Two Years Eight Months and Twenty-Eight Nights: A Novel
Salman Rushdie
Jonathan Cape
Salman Rushdie’s latest novel – whose title is a prosaic rendering of the Thousand and One Nights – deals with a world that has descended into ‘a time of strangeness’, a time in which genies (jinnia) wreak untold havoc and warfare on the human race. At the core of the novel is a millennium-old battle of ideas, a vindication of the Aristotelian philosophy of Al-Andalus philosopher Ibn Rushd (whose name Rushdie’s father adopted in homage). Can chaos and fear eventually push humans towards belief in God? Will religion eventually push them away from belief? Whose agendas are these, and to what ends do people so insistently cling to them? The book is narrated a thousand years from now in the future, when humans have overcome all violence, religion and irrationality. It examines the battle between the rational and chaotic sides of human nature, abstracted and depicted as an epic sci-fi superhero battle between Good and Evil, light and dark, the jinnia representing the irrational, cruel and despotic sides of humanity. If that sounds somewhat unsubtle, it’s because it is.
The book characteristically teems with characters, subplots, contradictions, meandering stories and Rushdie’s trademark unusual happenings. A man suddenly and inexplicably begins levitating; a baby capable of detecting corruption magically appears; wormholes open between the human world and Fairyland; people are struck by lightning in their thousands.
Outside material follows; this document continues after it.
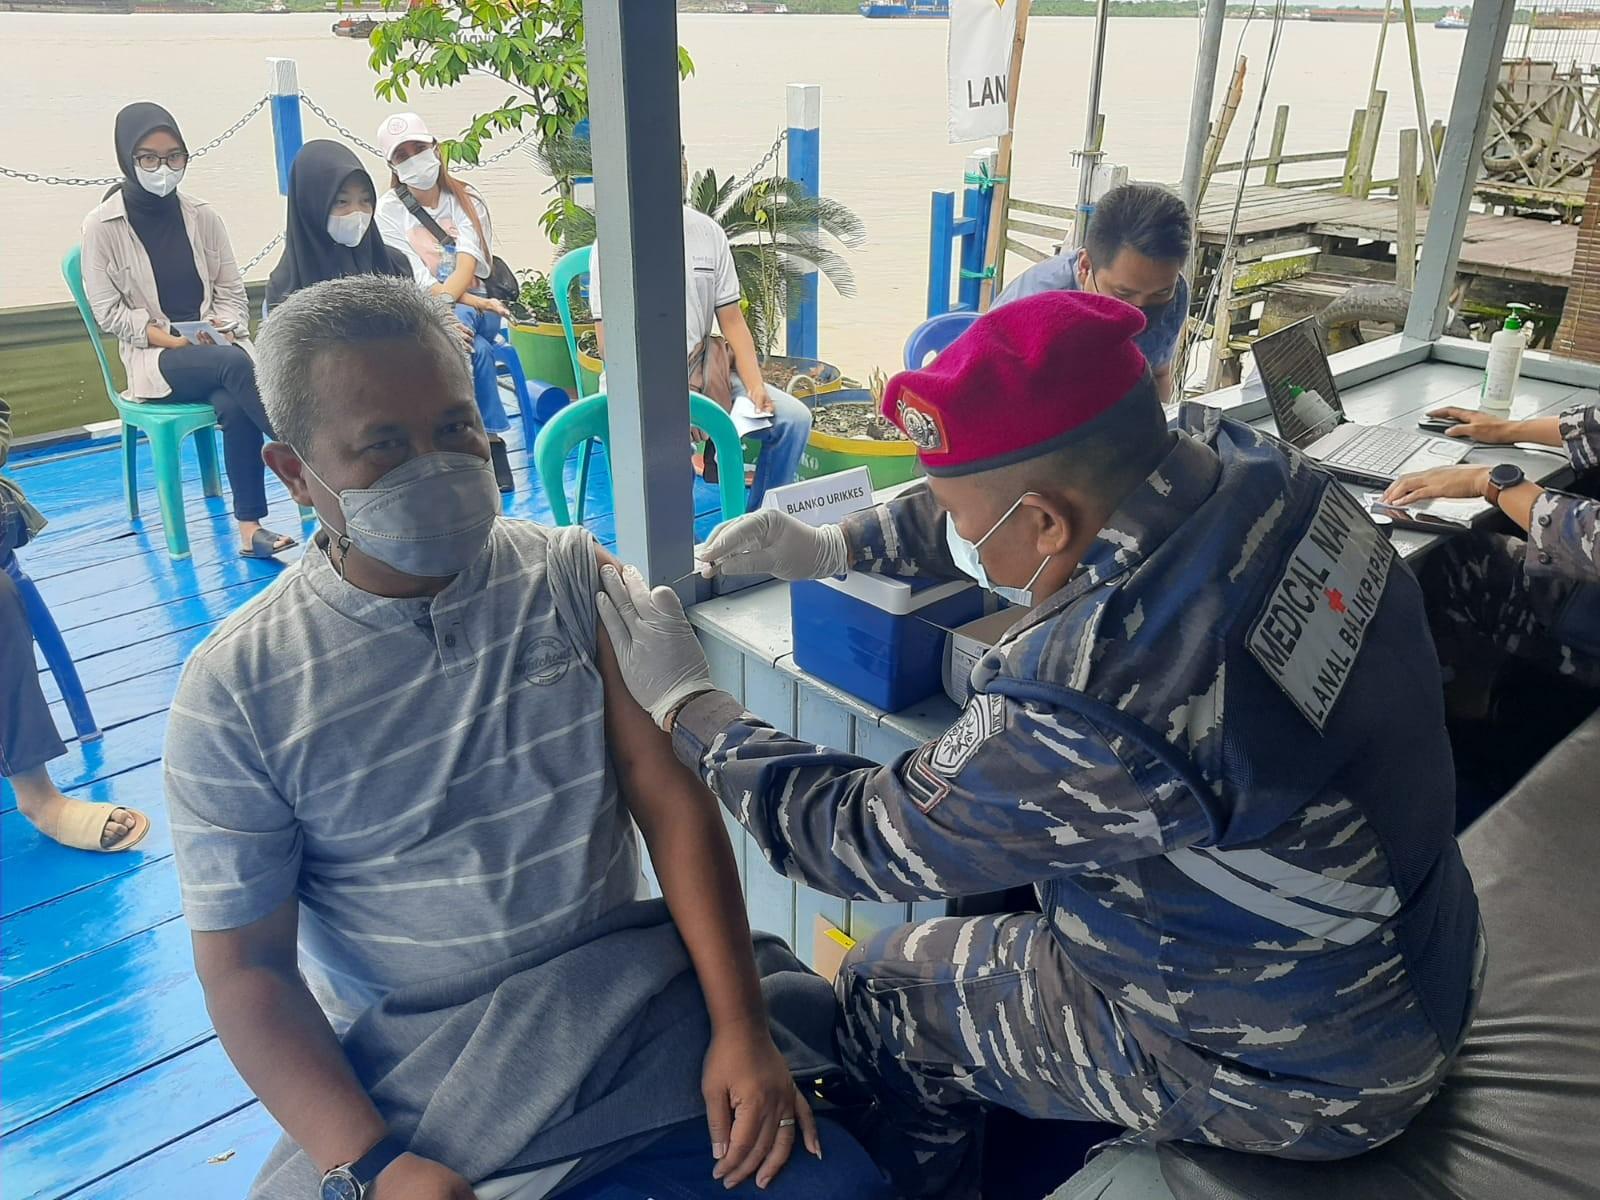 Sambut HUT TNI AL ke-76, Lanal Balikpapan Gelar Serbuan Vaksinasi di Anggana

But although there are moments when the magic strikes and rings true, much of the time the reader is left feeling that something is lacking, that some essential cohesion is missing. Much of the time, the tone falls short of the whimsical and playful. The events feel gratuitous; the references self-indulgent. Problematically, every single female character is a stunningly beautiful young woman (human or supernatural) who falls in love with an older man (magic realism indeed). In the end the novel manages to be both didactic and drifting, and, despite its boundless energy, is disappointing from a writer of Rushdie’s sensibility and imagination.